▸ Given records:
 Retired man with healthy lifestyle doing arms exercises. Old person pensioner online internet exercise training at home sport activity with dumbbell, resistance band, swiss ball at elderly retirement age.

...

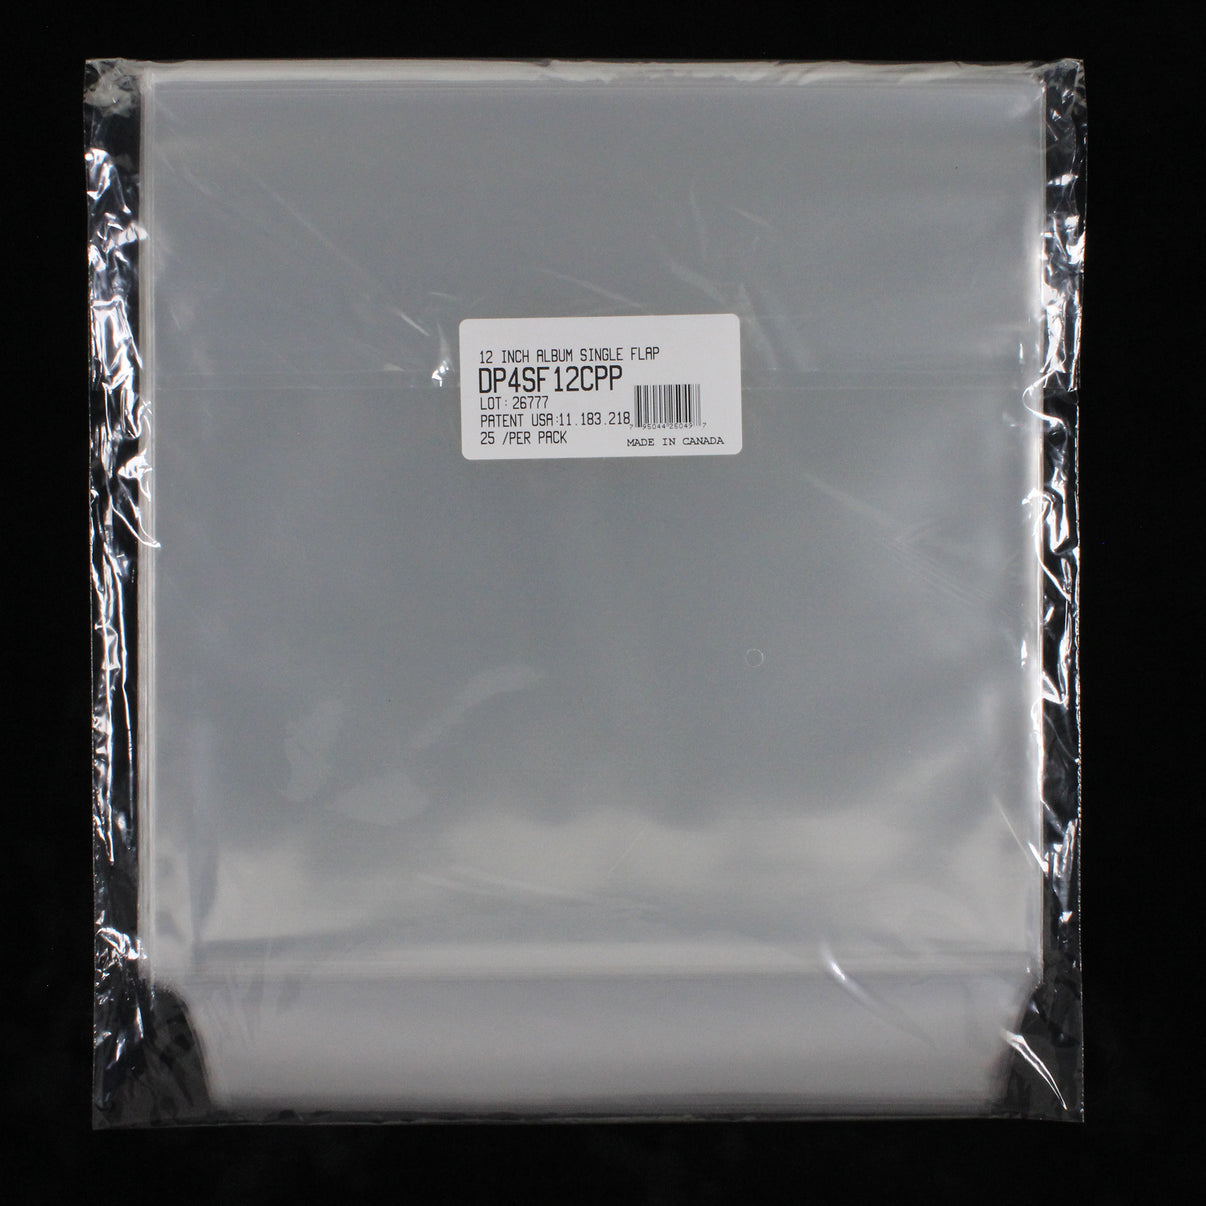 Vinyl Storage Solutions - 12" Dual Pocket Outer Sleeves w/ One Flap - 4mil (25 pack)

==

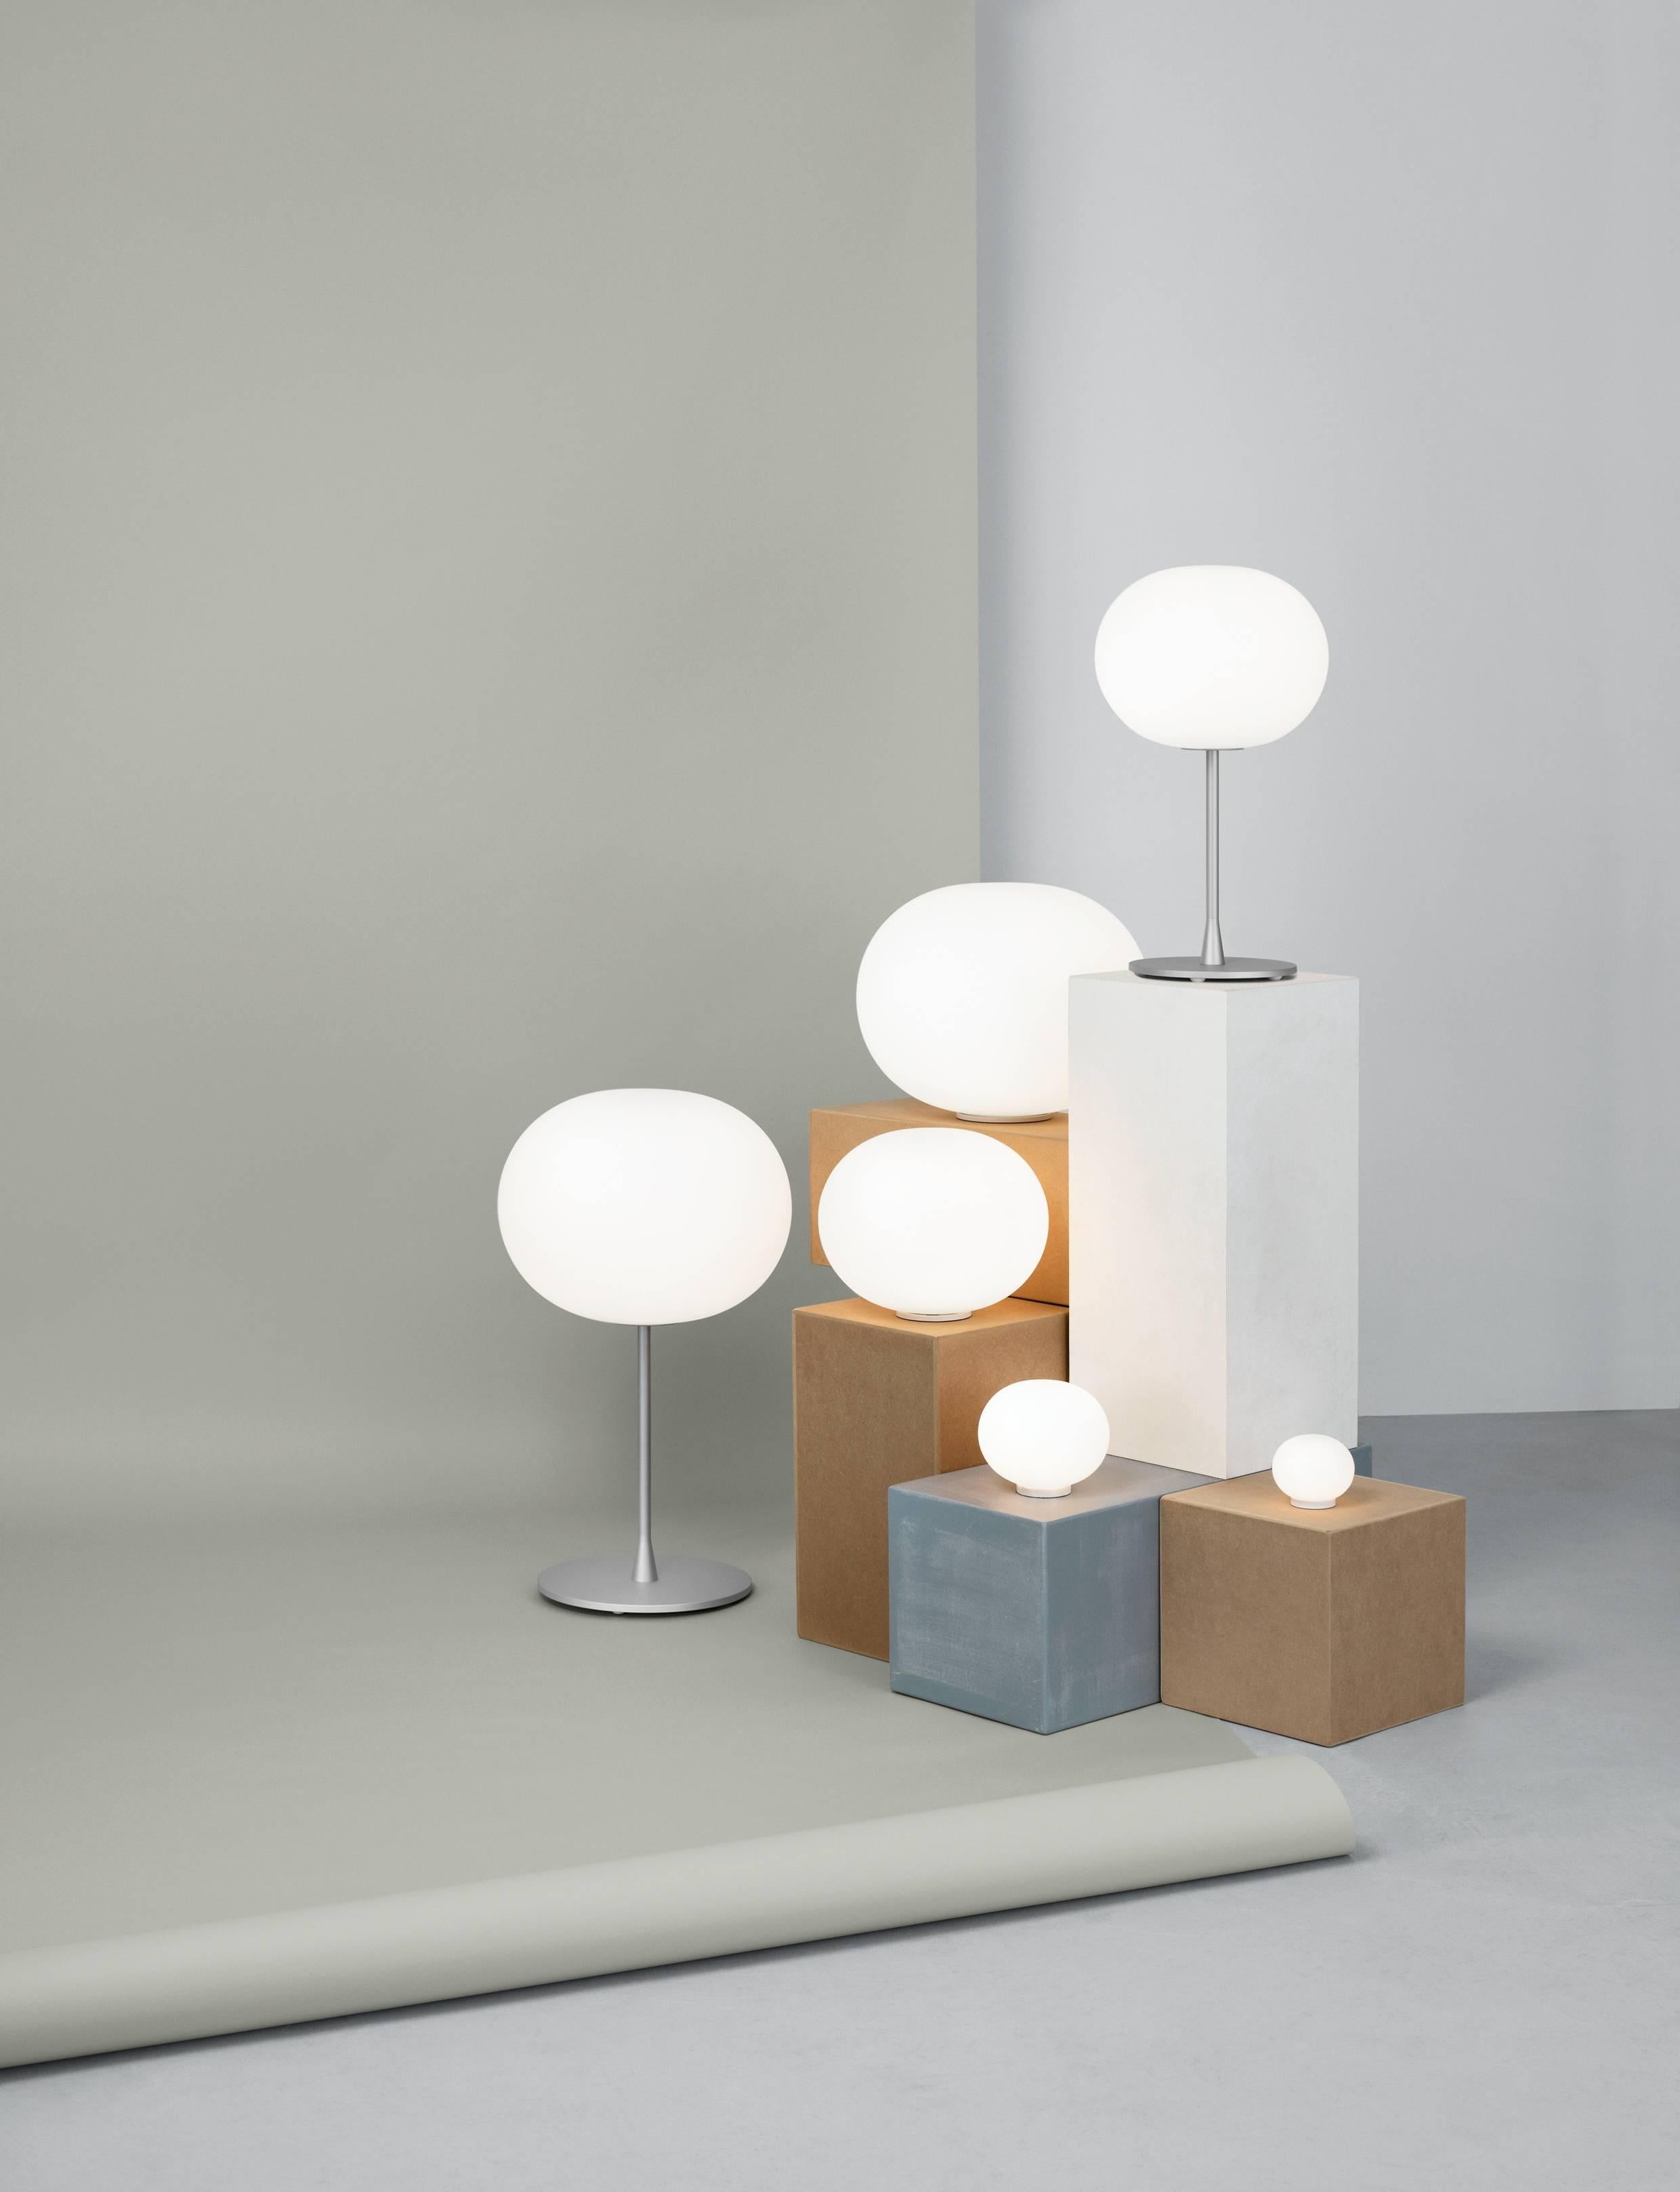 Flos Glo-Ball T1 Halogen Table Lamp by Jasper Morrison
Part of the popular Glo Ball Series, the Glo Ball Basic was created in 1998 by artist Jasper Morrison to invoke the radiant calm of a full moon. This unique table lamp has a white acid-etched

▸ Your goal: The reply should hold exactly the lines above, starting at the line with "Flos Glo-Ball T1" and ending at the line with "Part of the", and no pictures.

▸ Output for this exercise:
 Flos Glo-Ball T1 Halogen Table Lamp by Jasper Morrison
Part of the popular Glo Ball Series, the Glo Ball Basic was created in 1998 by artist Jasper Morrison to invoke the radiant calm of a full moon. This unique table lamp has a white acid-etched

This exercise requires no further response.